··· INPUT MATERIAL

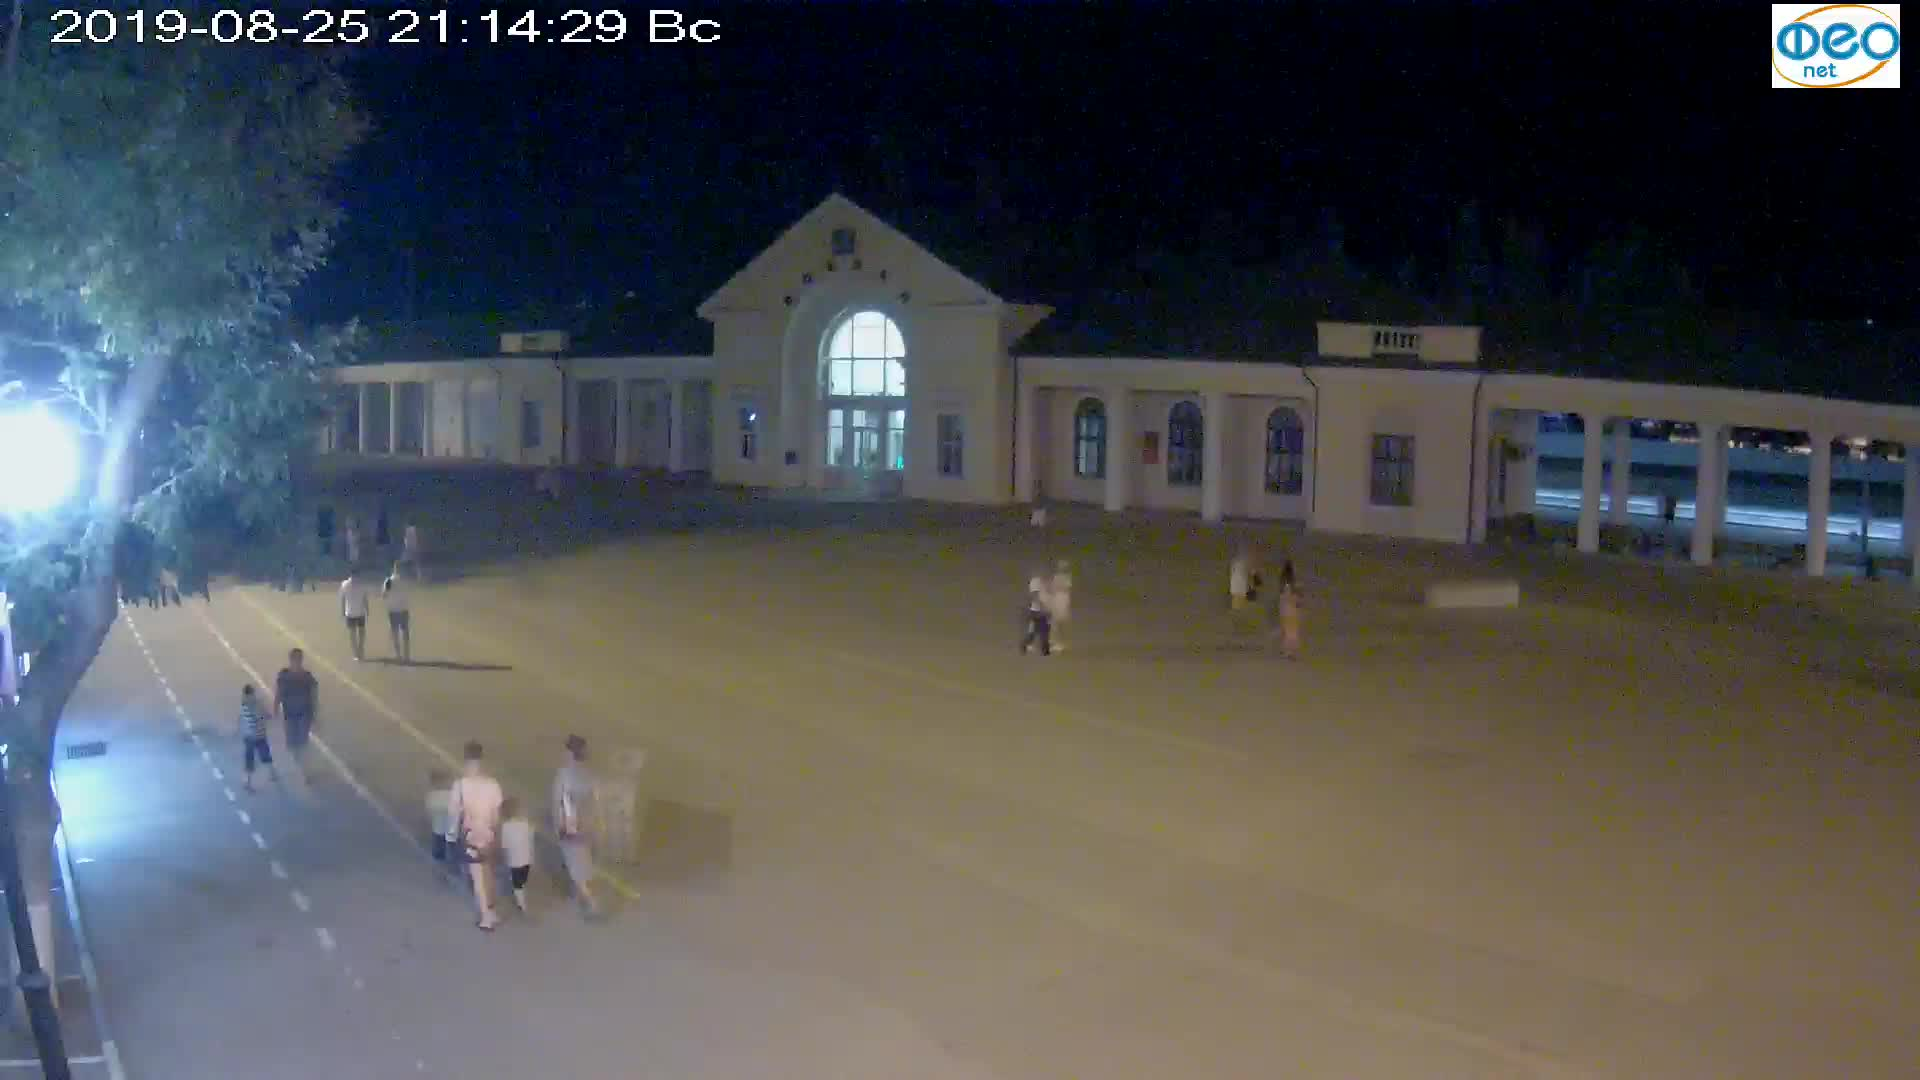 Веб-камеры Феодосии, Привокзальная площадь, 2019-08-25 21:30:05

······
··· INPUT MATERIAL

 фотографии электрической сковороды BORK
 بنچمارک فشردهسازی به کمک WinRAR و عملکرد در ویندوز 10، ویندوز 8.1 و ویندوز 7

······

From the records above, print exactly the lines that run from the line with "фотографии электрической сковороды BORK" to the line with "بنچمارک فشردهسازی به", inclusive.

▶ _SOLUTION BELOW_
 фотографии электрической сковороды BORK
 بنچمارک فشردهسازی به کمک WinRAR و عملکرد در ویندوز 10، ویندوز 8.1 و ویندوز 7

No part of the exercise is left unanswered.